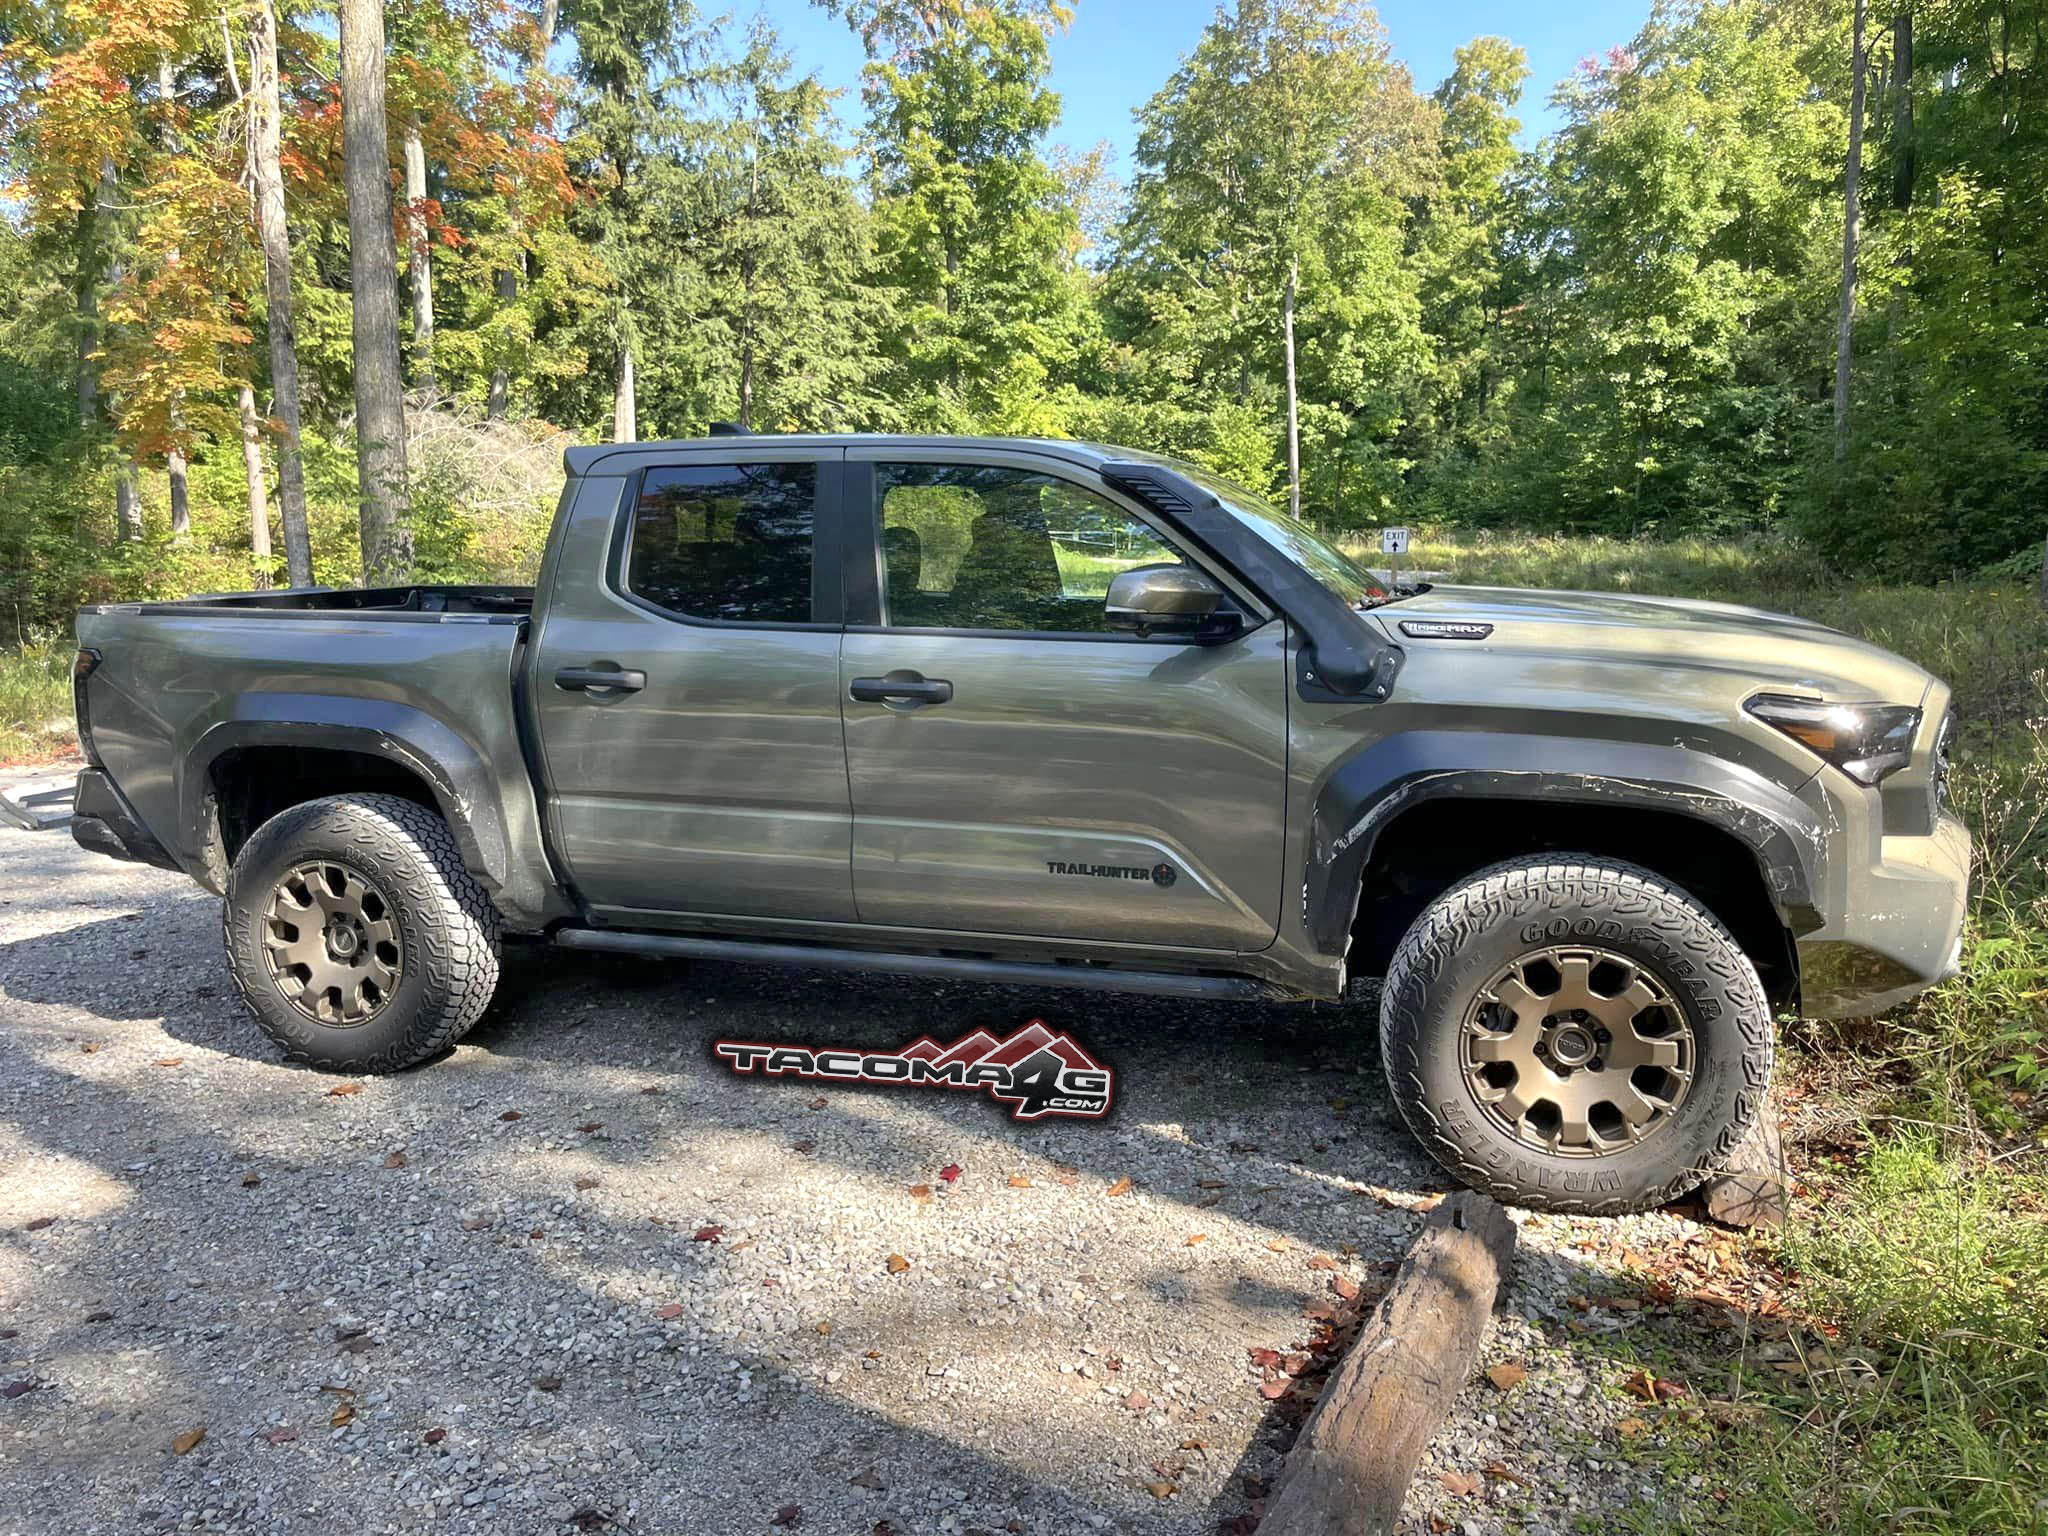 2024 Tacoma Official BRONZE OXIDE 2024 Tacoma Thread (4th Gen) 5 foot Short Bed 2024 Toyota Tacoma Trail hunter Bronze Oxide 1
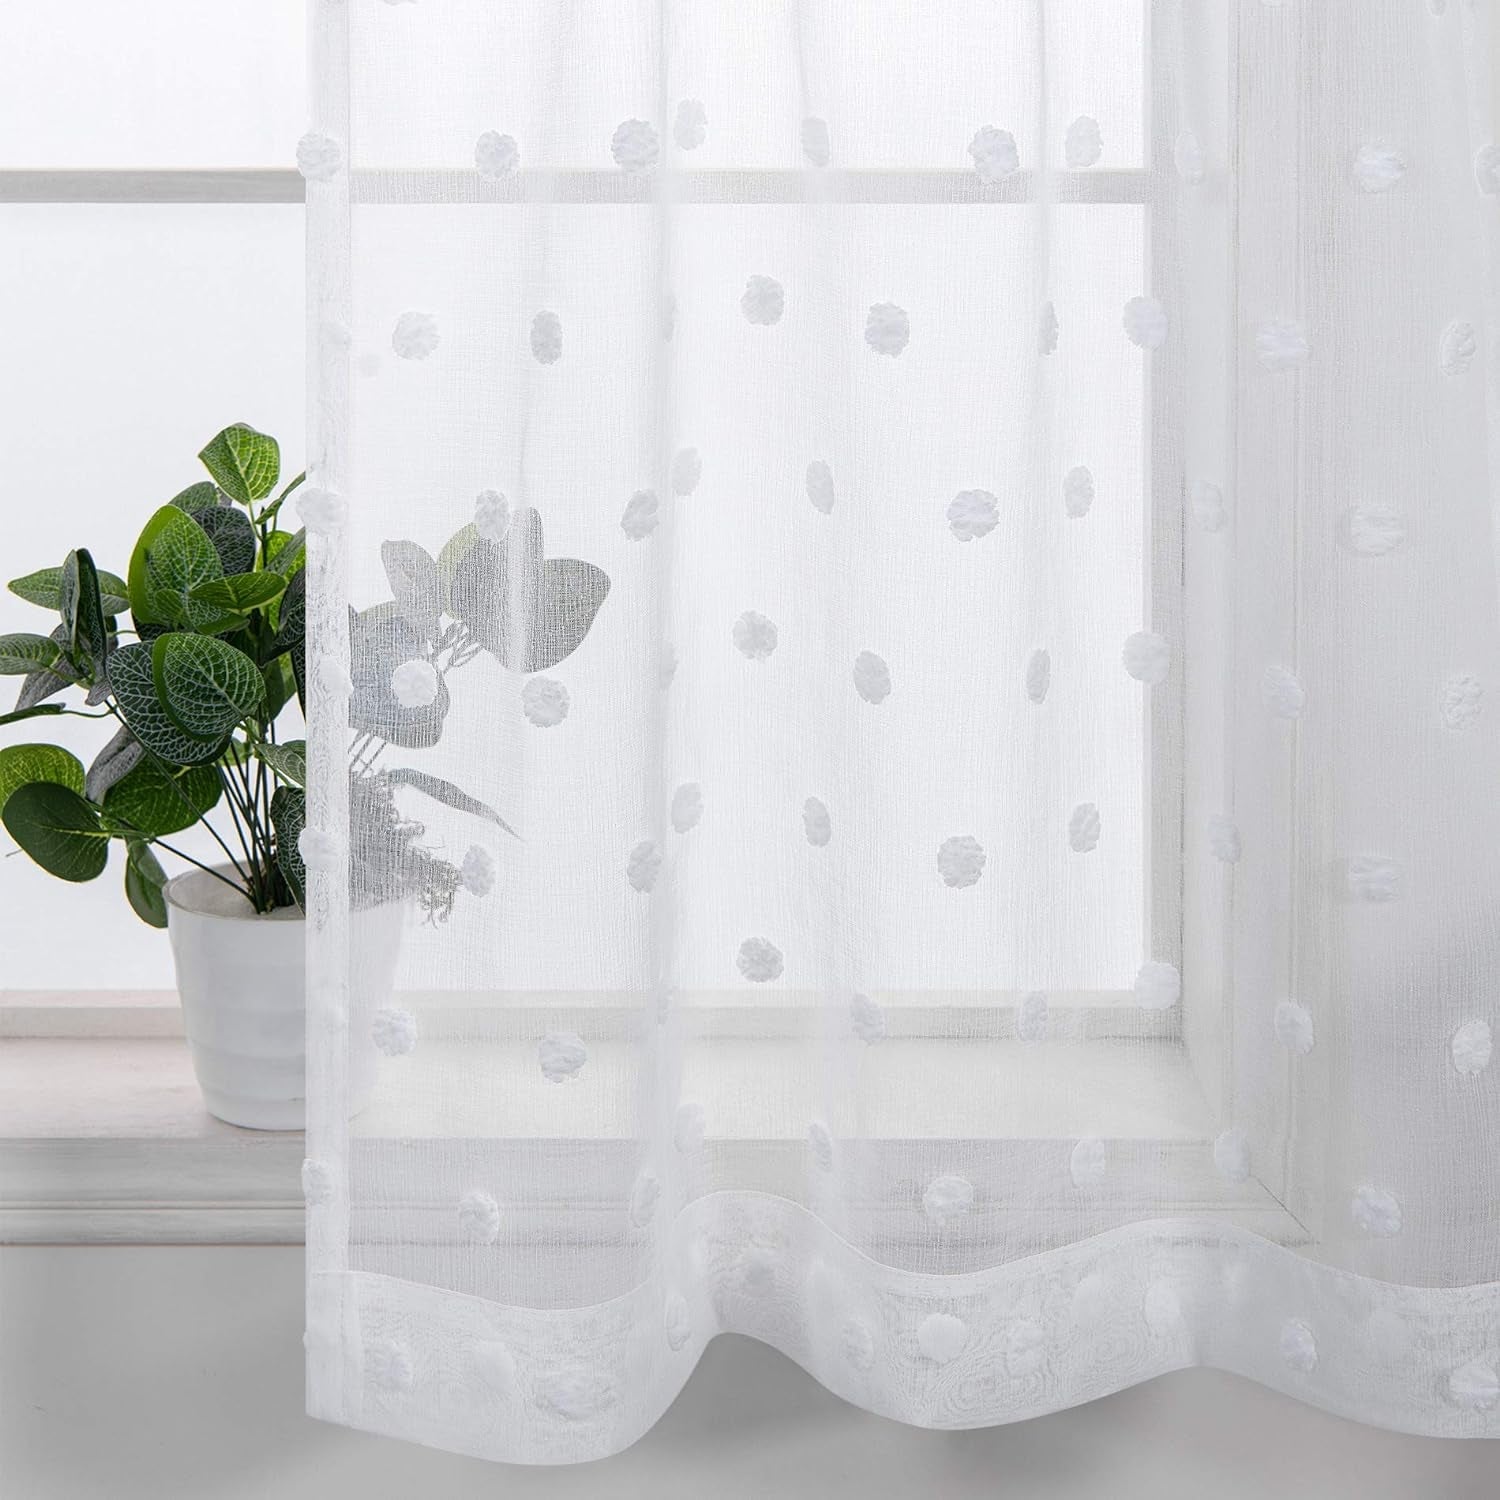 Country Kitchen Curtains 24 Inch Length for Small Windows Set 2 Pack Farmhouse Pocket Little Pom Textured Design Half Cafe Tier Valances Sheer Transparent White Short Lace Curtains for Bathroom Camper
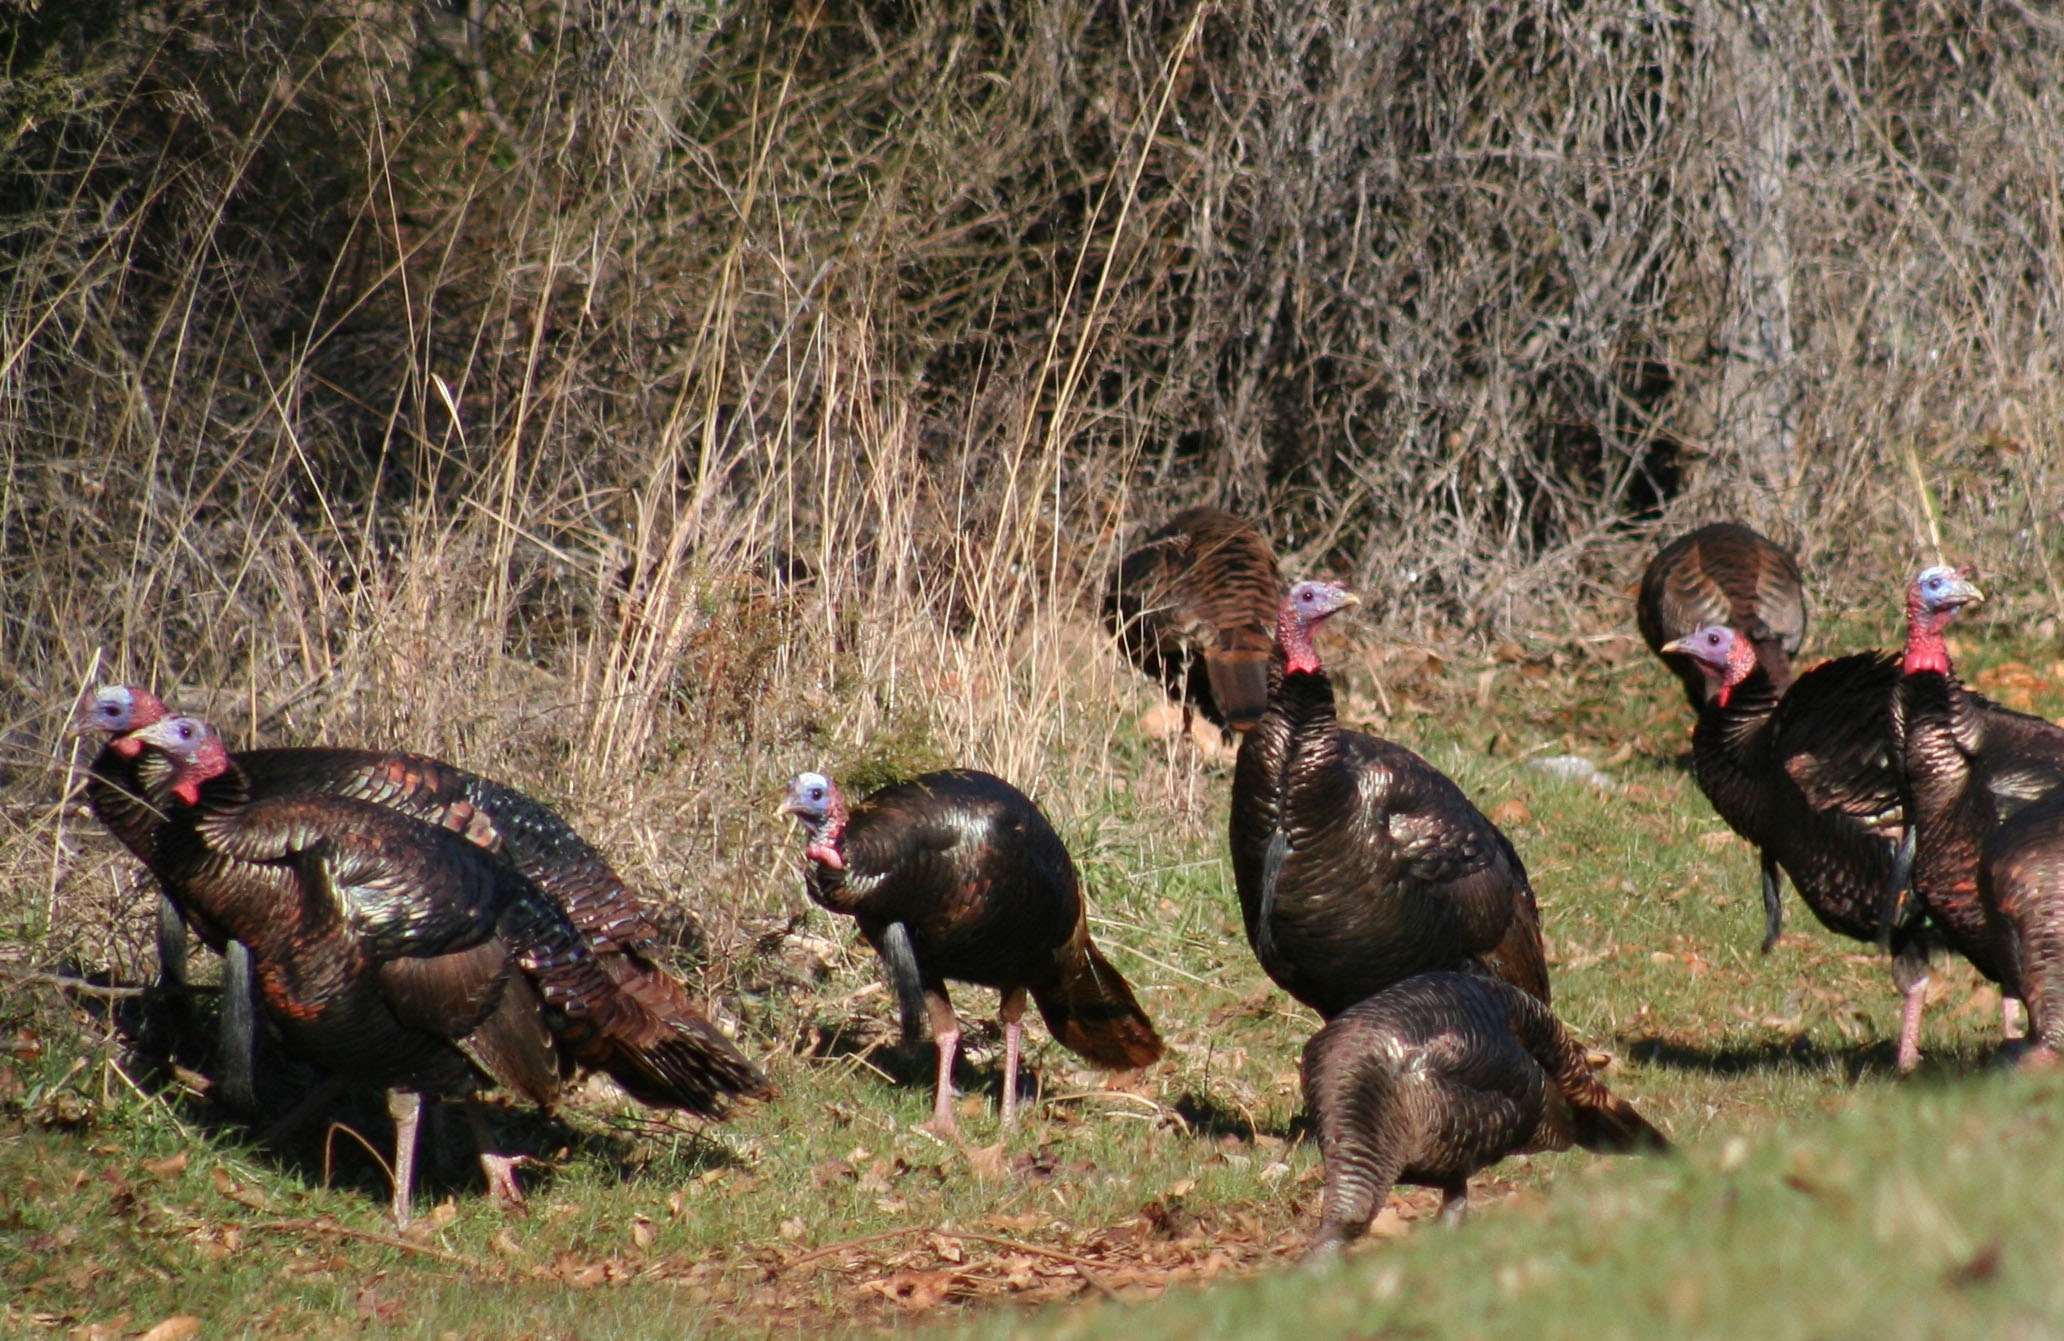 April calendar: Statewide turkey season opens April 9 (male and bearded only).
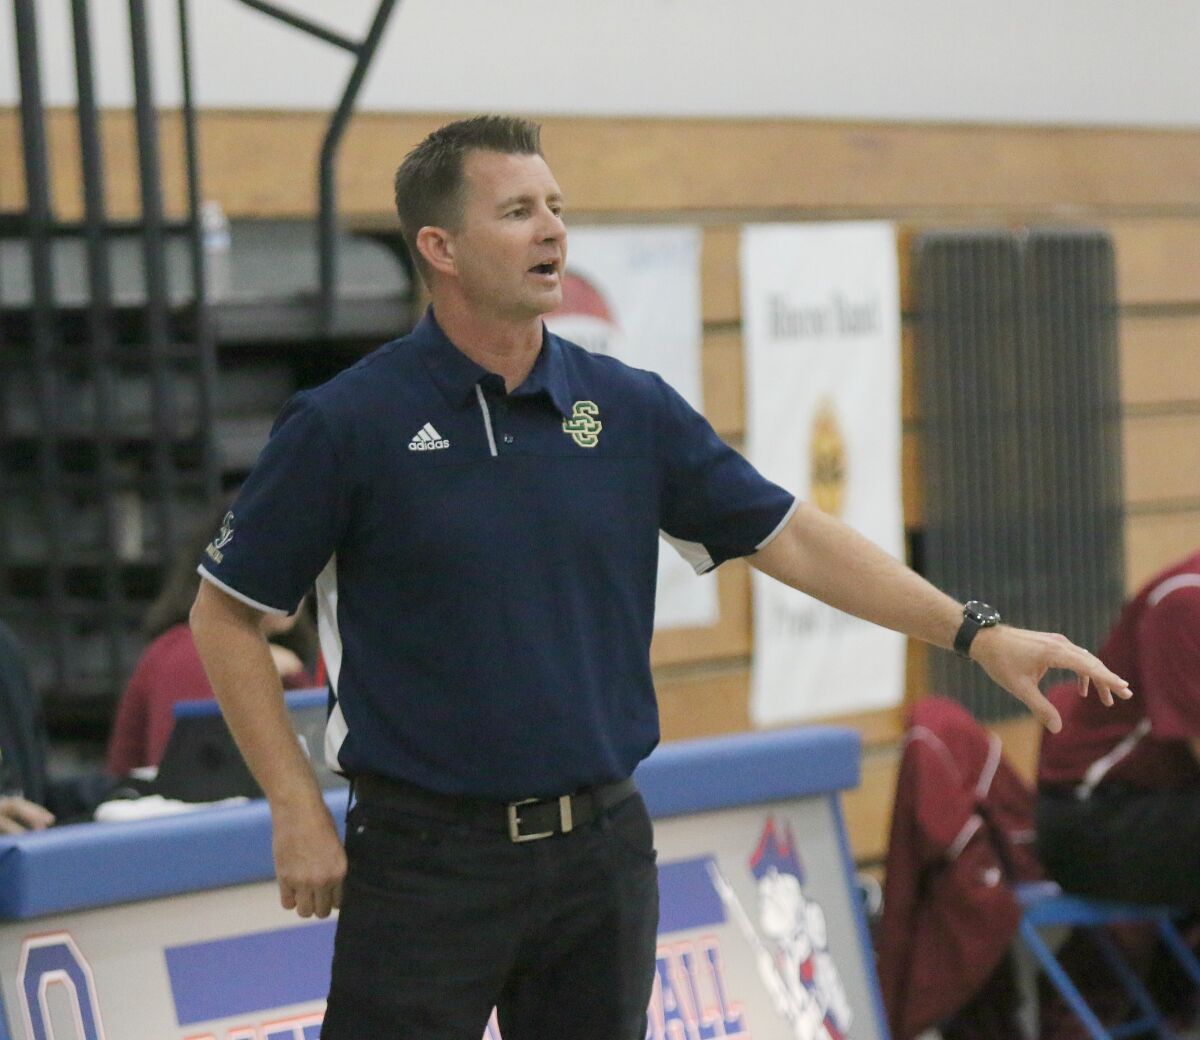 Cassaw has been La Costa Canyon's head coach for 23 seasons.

==========

- [Work to be completed] Please give back every line above exactly as it stands, without pictures.

- [Exercise answer]
 2024 Tacoma Official BRONZE OXIDE 2024 Tacoma Thread (4th Gen) 5 foot Short Bed 2024 Toyota Tacoma Trail hunter Bronze Oxide 1
 Country Kitchen Curtains 24 Inch Length for Small Windows Set 2 Pack Farmhouse Pocket Little Pom Textured Design Half Cafe Tier Valances Sheer Transparent White Short Lace Curtains for Bathroom Camper
 April calendar: Statewide turkey season opens April 9 (male and bearded only).
 Cassaw has been La Costa Canyon's head coach for 23 seasons.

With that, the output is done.